Confía en mi

Tu ten cuidado, no pierdas puntos con estupideces – le dijo Jeremie a David antes de que este entrara en el escáner – intenta que et dé el laser azul, solo el azul. ¡El Azul! ¿entendido? Si es rojo ¡esquívalo! ¿lo entiendes verdad?

Sí, me lo has dicho unas tropecientas veces. – dijo David

Vale pero te lo repito, es importante que no te pongas nervioso. Si te pones nervioso, te atrapan y si te atrapan… ¡Que no te atrapen! – dijo Jeremie, que no de permitía ni pensar lo que pasaría si lo atraparan

No me pongo nervioso, tú te pones nervioso, relájate Einstein – dijo David, sonriendo.

Jeremie se percató de que David ya lo aceptaba como amigo y que confiaba plenamente en él, ¿podía decir lo mismo?

Confía en mi Jeremie – David parecía notar los sentimientos del chico. Jeremie suspiró, intentando relajarse.

Recuerda que tu Virtualización tardará más porque tengo que incorporarte la base de datos – le dijo antes de entrar en el ascensor para subir – Confío en tí.

David sonrió y luego se volvió, sus amigos lo miraban. Ellos irían primero. William, Odd, Ulrich y Yumi lo miraban fijamente. Les importaba mucho que el plan saliera bien, mucho.

William lo miraba seriamente pero la confianza chispeaba en sus ojos. Odd lo miraba y le sonreía, sabía que era capaz de hacerlo. Ulrich también le sonreía, dándole ánimos. Yumi estaba seria, y no le había dicho nada. Sus ojos oscuros no expresaban ningún sentimiento, solo lo miraban.

Primero entraron en los escáneres William, Odd y Ulrich.

Puedes hacerlo David, confiamos en ti – dijeron y el escáner se cerró.

Cuando les tocó el turno a ellos dos, ella lo miró y antes de entrar, le susurró algo al oído.
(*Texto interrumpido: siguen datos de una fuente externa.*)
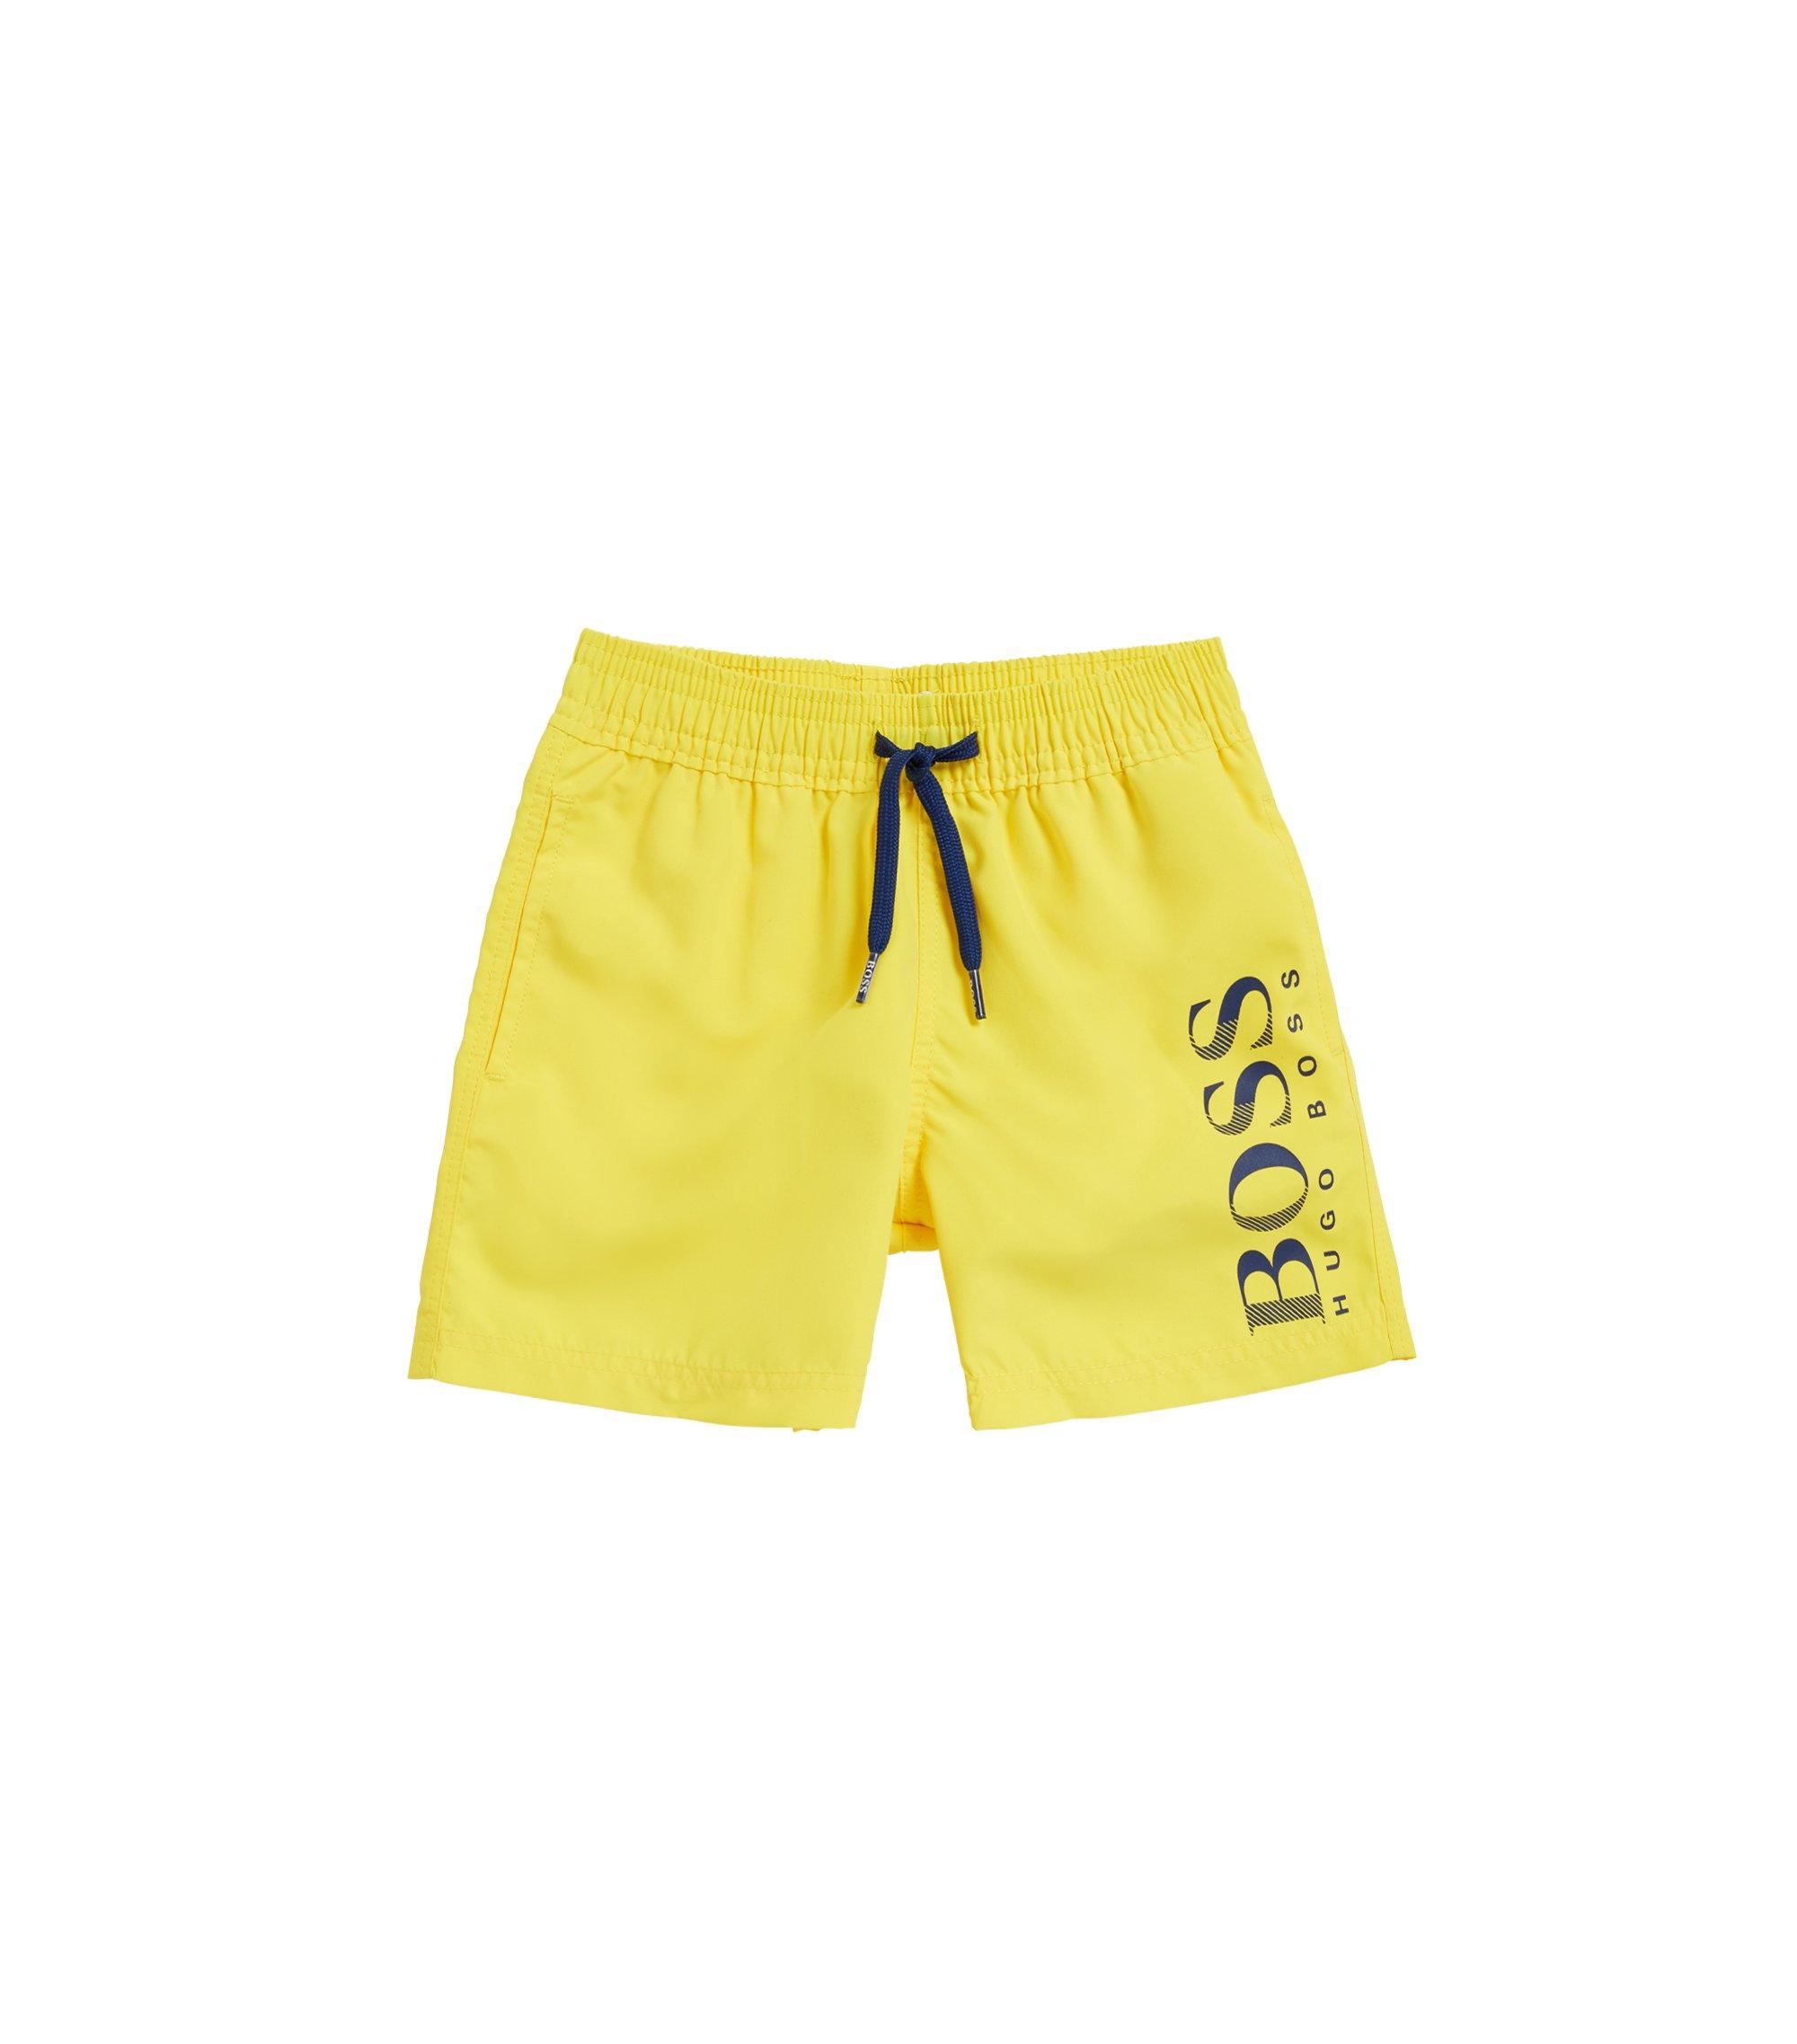 Kids' quick-dry swim shorts with logo print, Yellow

Luego el escáner se cerró delante de ella y David supo que realmente confiaba en él, como los demás.

Entró en su escáner, era su turno.

Trasmitir David, Escanear David – Jeremie le insertó la base de datos – ¡Virtualización!

La luz lo invadió todo y apareció en Lyoko, junto a los demás, que esta vez, luchaban contra cangrejos.

Jeremie, ¿ves al ilusionista en la pantalla? – dijo mientras aterrizaba al suelo de un salto.

¿El ilusionista? – preguntó Odd, sobre su tabla – ¿Quién te ha dado permiso en bautizar al nuevo monstruo así?

¿Y qué nombre propones tú, Odd? – le preguntó Yumi, desde su aerodeslizador.

Algo mucho más estiloso, como el monstruo de las dos caras o el ilusionario, o dispara láseres o…

¡Déjalo Odd! – dijo Ulrich mientras se triplicaba y rodeaba un cangrejo – El ilusionista está bien.

¿Lo ves o no lo ves Jeremie? – preguntó David

¡Lo veo! – dijo Jeremie – está junto a Yumi y William.

¡Dispara láseres rojos! – dijo Yumi mientras los esquivaba – ¿qué hago? ¿le lanzo un abanico a ver qué pasa?

¿Y si lo destruyes? – peguntó William.

Tu hazlo, necesitamos verlo – dijo Ulrich

Yumi cargó sus abanicos y le lanzó uno de ellos al monstruo fantasma, falló. Esquivó unos láseres y lanzó el otro.

Le dio, el monstruo se hizo visible pero los cangrejos no desaparecieron. El ilusionista, se giró y empezó a disparar láseres azules y volvió a ser invisible.

¡David! – gritó Yumi mientras los esquivaba y se alejaba de allí en su aerodeslizador, junto a William.

David corrió hasta donde el monstruo disparaba los láseres azules y paró. Cerró los ojos y un laser le desvirtualizó.

Ya está hecho – dijo Jeremie y suspiró.